A. The County Is in Open Constructive Contempt of Court.

As explained more completely in the City’s June 26, 2019 Motion for Rule to Show

Cause Why Defendant Should Not Be Held in Contempt of Court, the accompanying

memorandum of law and exhibits filed the same day, and the City’s July 1, 2019 supplemental

supporting memorandum and exhibits, all of which the City incorporates by reference as if fully

set forth herein, the County’s temerity knows no bounds and it is openly—if not proudly—

defying this Court’s order. Members of County Council and the County’s Treasurer have all

stated publicly—and quite correctly—that this Court’s order applies within the limits of all

Horry County municipalities. Exhibit A, Collection of News Articles re: Court’s Order.

Yet the County still will not cease and heed the views of its own elected officials.

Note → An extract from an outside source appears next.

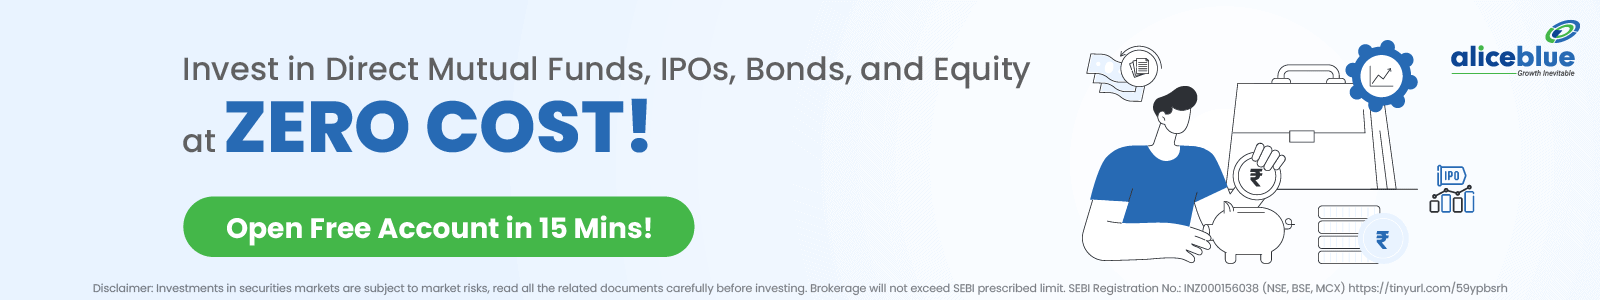 Invest in Direct Mutual Funds, IPOs, Bonds, and Equity at ZERO COST!

Counsel for the County in this action have advanced an opinion that the County can keep

collecting the Hospitality Fee within these other municipalities because “no City other than MB

are parties to the lawsuit” and revealed that the County’s actions in reality are driven by its

amazing belief that complying with the order would “probably create legal issues detrimental to

the County.” Exhibit B, Email of Henrietta Golding, June 30, 2019, addressed to, among other,

municipal officials employed by two members of the proposed class. The County Attorney has

stated his acceptance of this opinion and in so doing confirmed that the County’s refusal to abide

by the injunction issued is nothing more than a litigation tactic:

Council received strong advice from our litigation attorney . . . who is working
with a team of attorneys . . . not to suspend collection from within municipalities
other than Myrtle Beach or else we would be jeopardizing our overall defense in
the litigation. As I indicated, Council had no good alternatives to choose from.
We, basically, are in damage control mode. . . . But it seems the only alternative
[the City] ha[s] given us is to fight with everything we have in Court.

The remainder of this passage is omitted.